▶ What this task involves:
Return exactly the lines below, starting with the one that has "2nd Annual mRNA" and going on through the one that has "Costa Mesa CA garage sales, .".

▶ Extracted data:
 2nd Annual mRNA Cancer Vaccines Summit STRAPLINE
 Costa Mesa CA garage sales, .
...
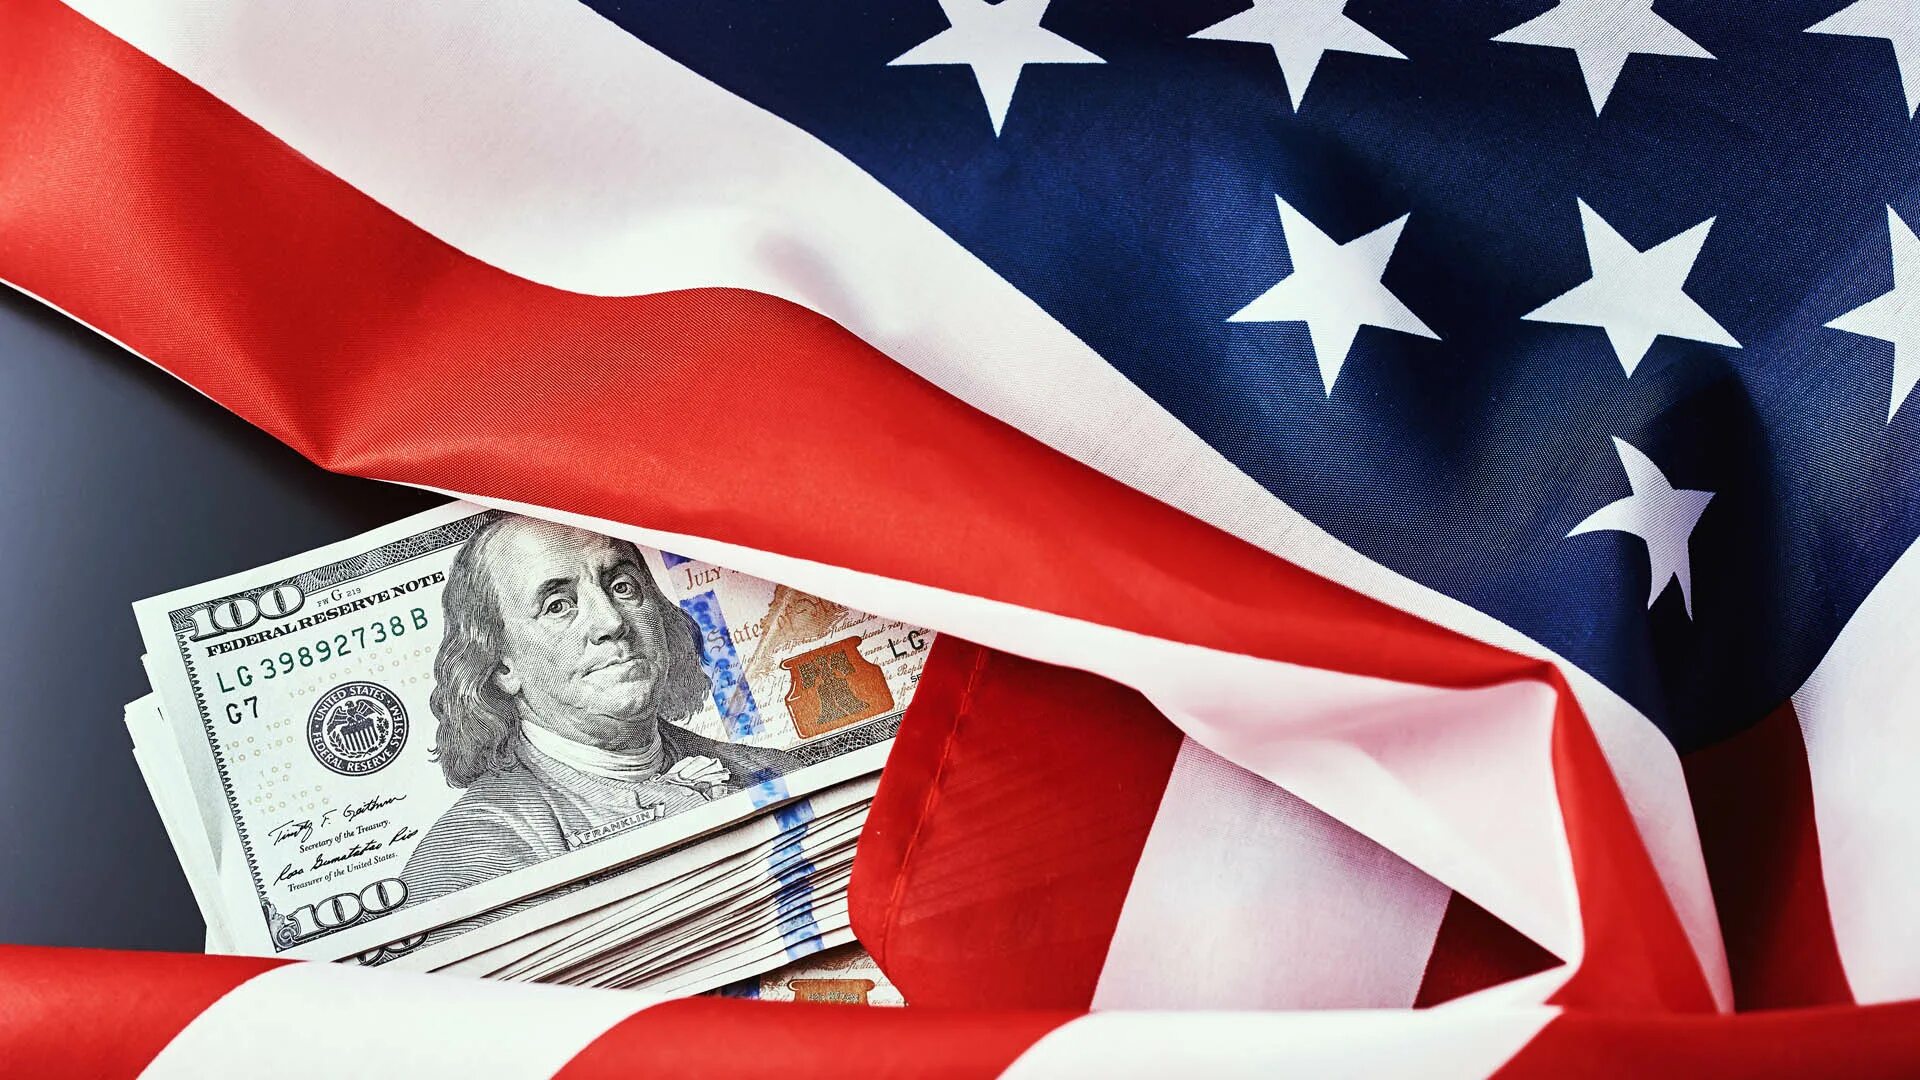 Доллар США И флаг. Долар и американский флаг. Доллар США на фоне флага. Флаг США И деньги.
--
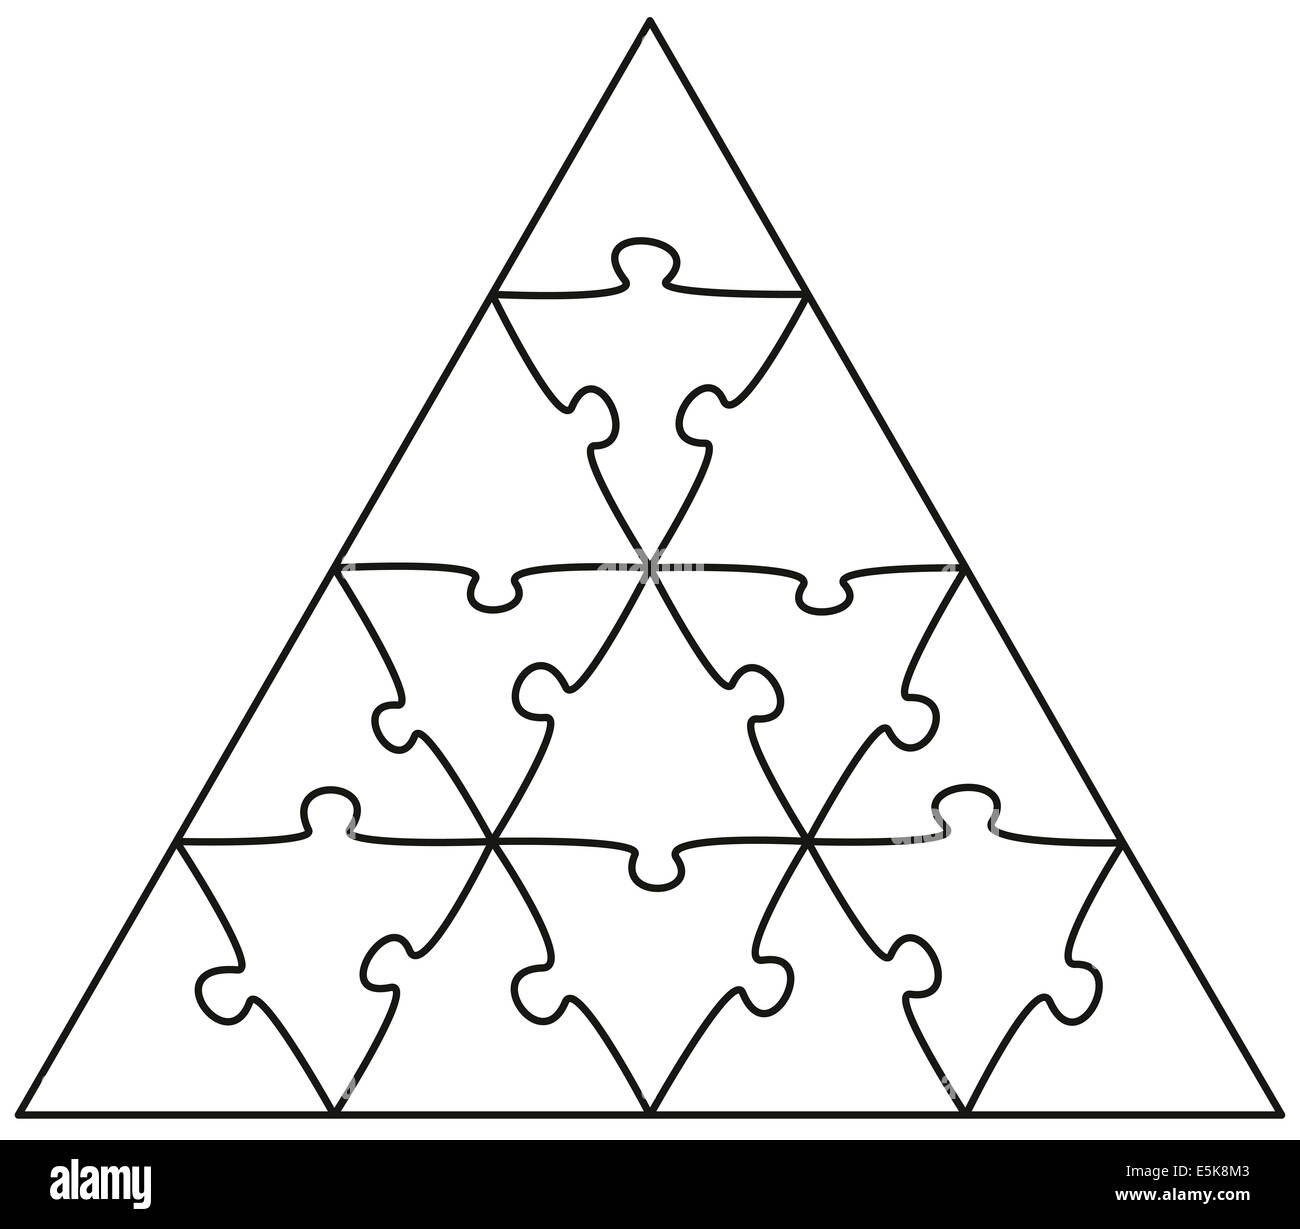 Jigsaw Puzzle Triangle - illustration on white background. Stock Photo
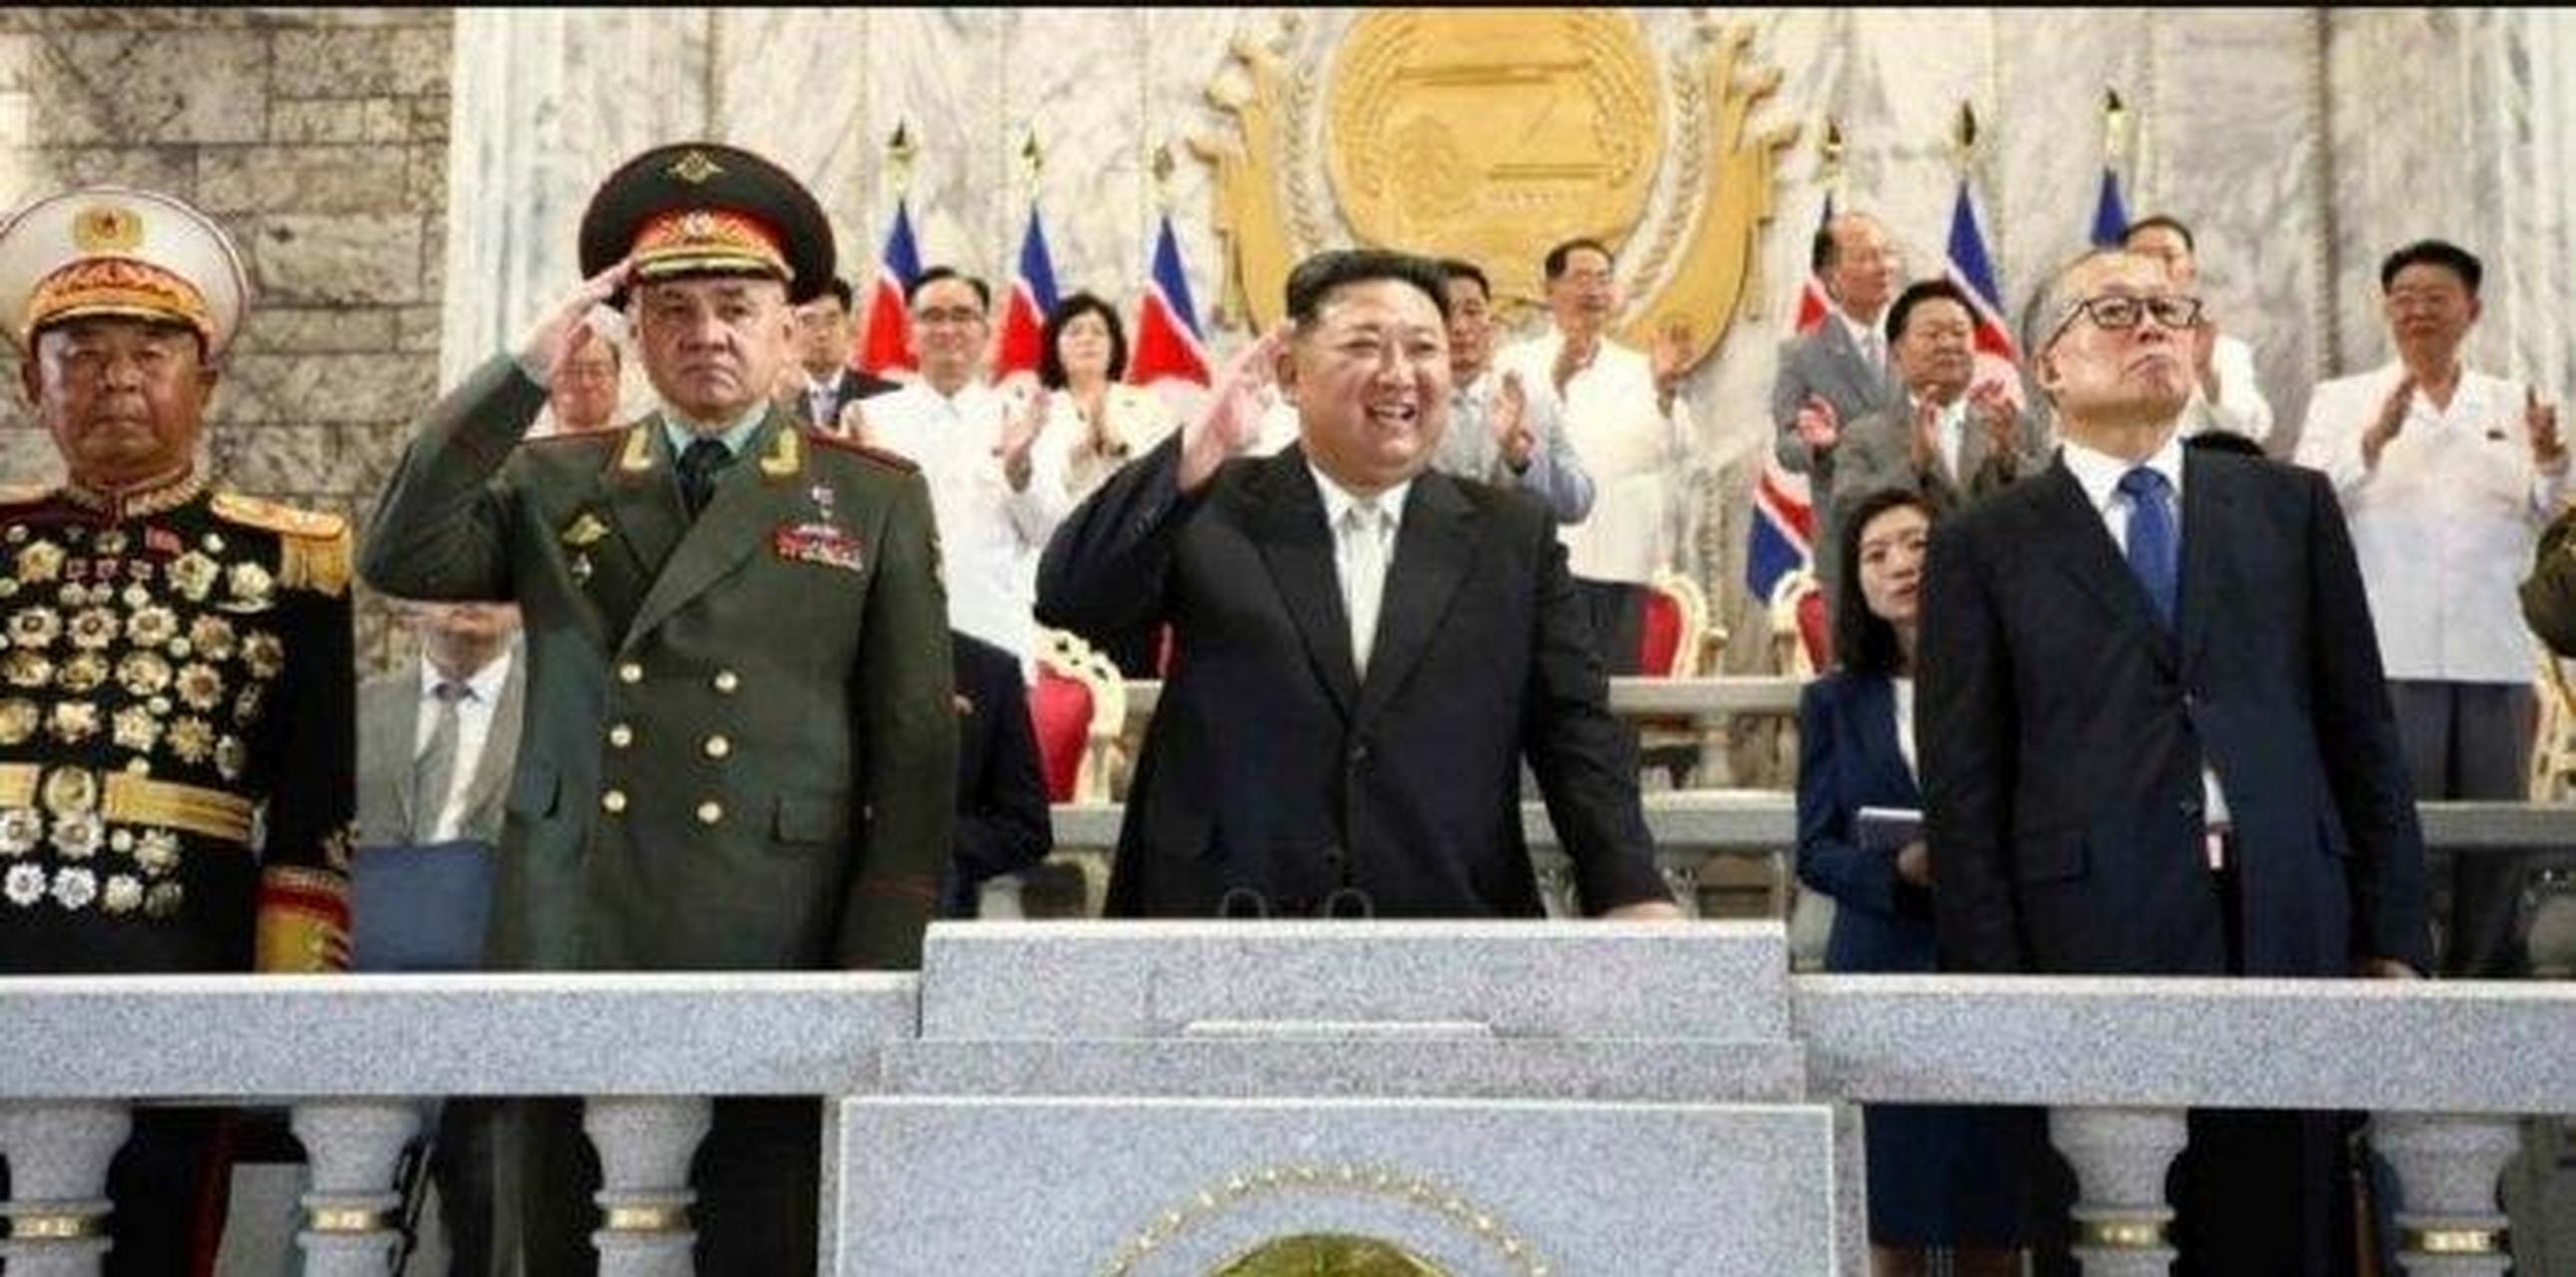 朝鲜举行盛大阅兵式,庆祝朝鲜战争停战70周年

▶ Task response:
 2nd Annual mRNA Cancer Vaccines Summit STRAPLINE
 Costa Mesa CA garage sales, .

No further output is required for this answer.